The National Bureau of Economic Research (NBER) monitors indicators such as employment, personal income, industrial production, and retail sales to determine if the economy has entered a recession. While current data do not yet point to an imminent downturn, Woo warns that elevated risks remain, and markets are forward-looking.
“Markets are speculative instruments—they price in expectations,” Woo said. “If Bitcoin is lagging behind while macro indicators flash warning signs, it may be time to prepare for a structural shift. Either Bitcoin is signaling that we’re at a market top, or it’s gearing up to catch up with other assets.”
This perspective challenges the long-held belief among crypto enthusiasts that digital assets operate independently of traditional financial markets.
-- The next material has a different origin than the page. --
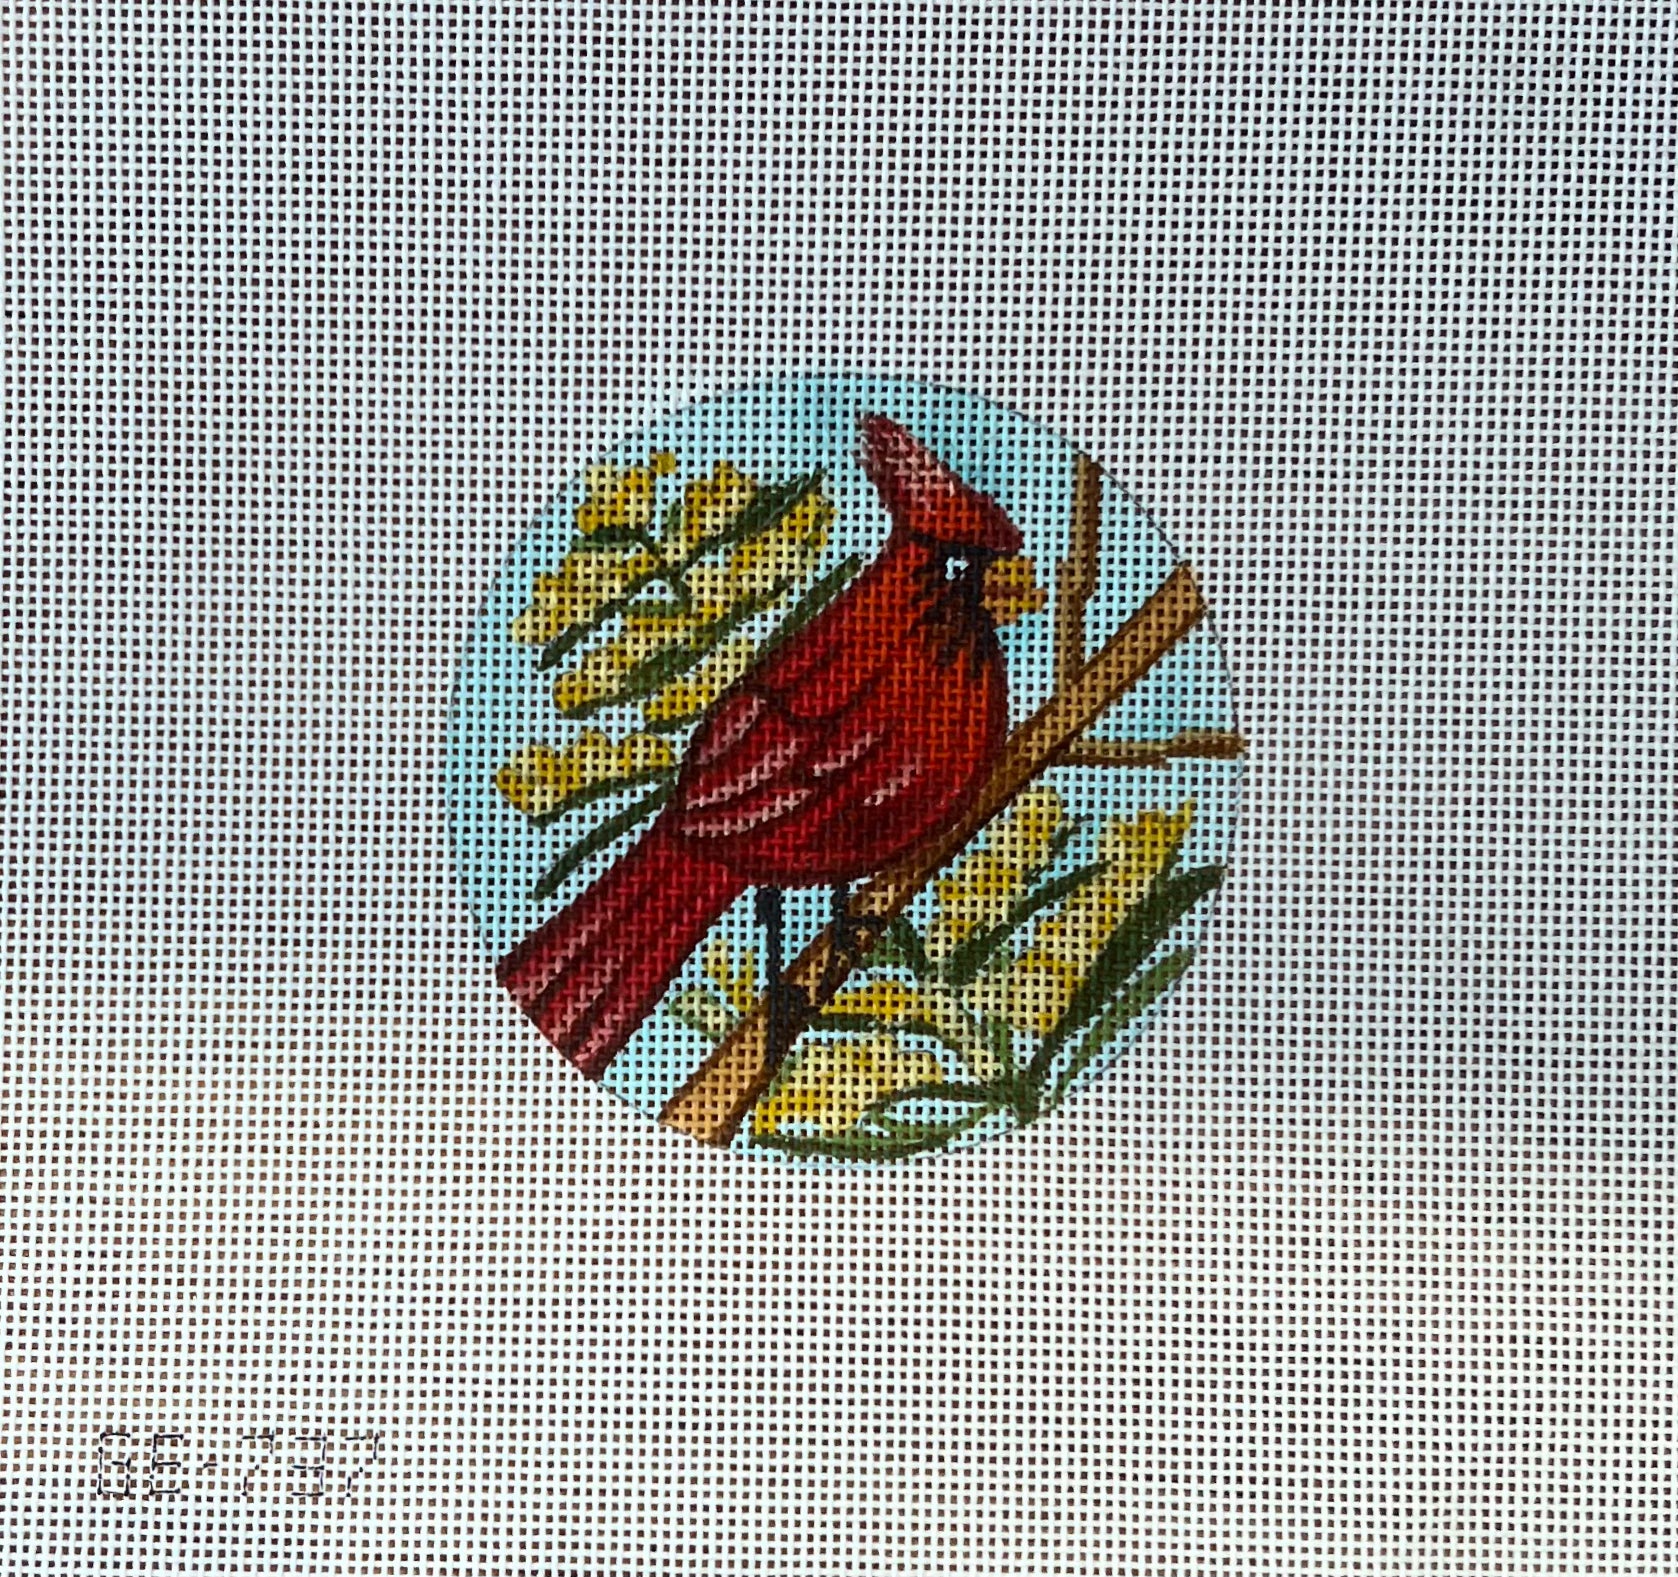 Cardinal Tree Topper hand-painted needlepoint stitching canvas, Needlepoint Canvases & Threads

While decentralization remains a core philosophical tenet of the crypto movement, price action and investor behavior are increasingly influenced by global economic trends.
How Should Investors Prepare for a Business Cycle-Driven Bear Market?
With the possibility of a recession-driven bear market looming, investors are now faced with the need to adapt their strategies. Unlike previous downturns where market timing could be aligned with Bitcoin halving events or liquidity infusions from central banks, a recessionary environment could cause more unpredictable and prolonged declines.
Portfolio diversification becomes more critical in such scenarios. Investors may consider reallocating funds to more defensive assets, such as stablecoins, gold, or bonds, to hedge against heightened volatility. Additionally, focusing on crypto projects with strong fundamentals, real-world utility, and sustainable revenue models could provide more resilience during economic contractions.
Implications for Institutional Investors
If crypto markets begin to mirror traditional financial markets during recessions, institutional behavior will likely shift as well. Institutions that have recently entered the crypto space in pursuit of high yields may become more risk-averse or pull back capital altogether in a downturn. This could exacerbate selling pressure and deepen market declines.
At the same time, some institutional players may view a recession as a strategic entry point, particularly if valuations become more attractive. Those with long-term investment horizons may choose to accumulate during periods of weakness, anticipating stronger returns in the next expansionary cycle.
Could Bitcoin Still Act as a Hedge?
Despite Woo’s warning, some analysts and investors believe Bitcoin could still serve as a hedge against traditional market failures, especially due to its fixed supply and decentralized nature. However, historical performance does not yet support this theory convincingly. During times of extreme market stress, Bitcoin has often behaved like a high-risk asset, selling off alongside equities.
For Bitcoin to fulfill its promise as a “digital gold,” it will need to demonstrate resilience in future recessions. Until then, its correlation with other speculative assets may remain high, especially in periods of liquidity crunch.
Looking Ahead: What Will Define the Next Crypto Cycle?
As the crypto market matures, it is increasingly influenced by the same macroeconomic forces that govern traditional finance. The next market cycle may be shaped not by internal dynamics alone, but by how resilient the sector proves to be in the face of global economic headwinds.
Regulatory developments, technological advancements, and institutional adoption will also play key roles in determining how the industry navigates a potential downturn. If crypto can weather a true recession, it could emerge with greater legitimacy and long-term investor confidence.
In conclusion, Woo’s analysis serves as a stark reminder that crypto is no longer a niche market operating on its own timeline. The days of predictable four-year cycles may be ending, and a new era—one shaped by global economic realities—could be just beginning.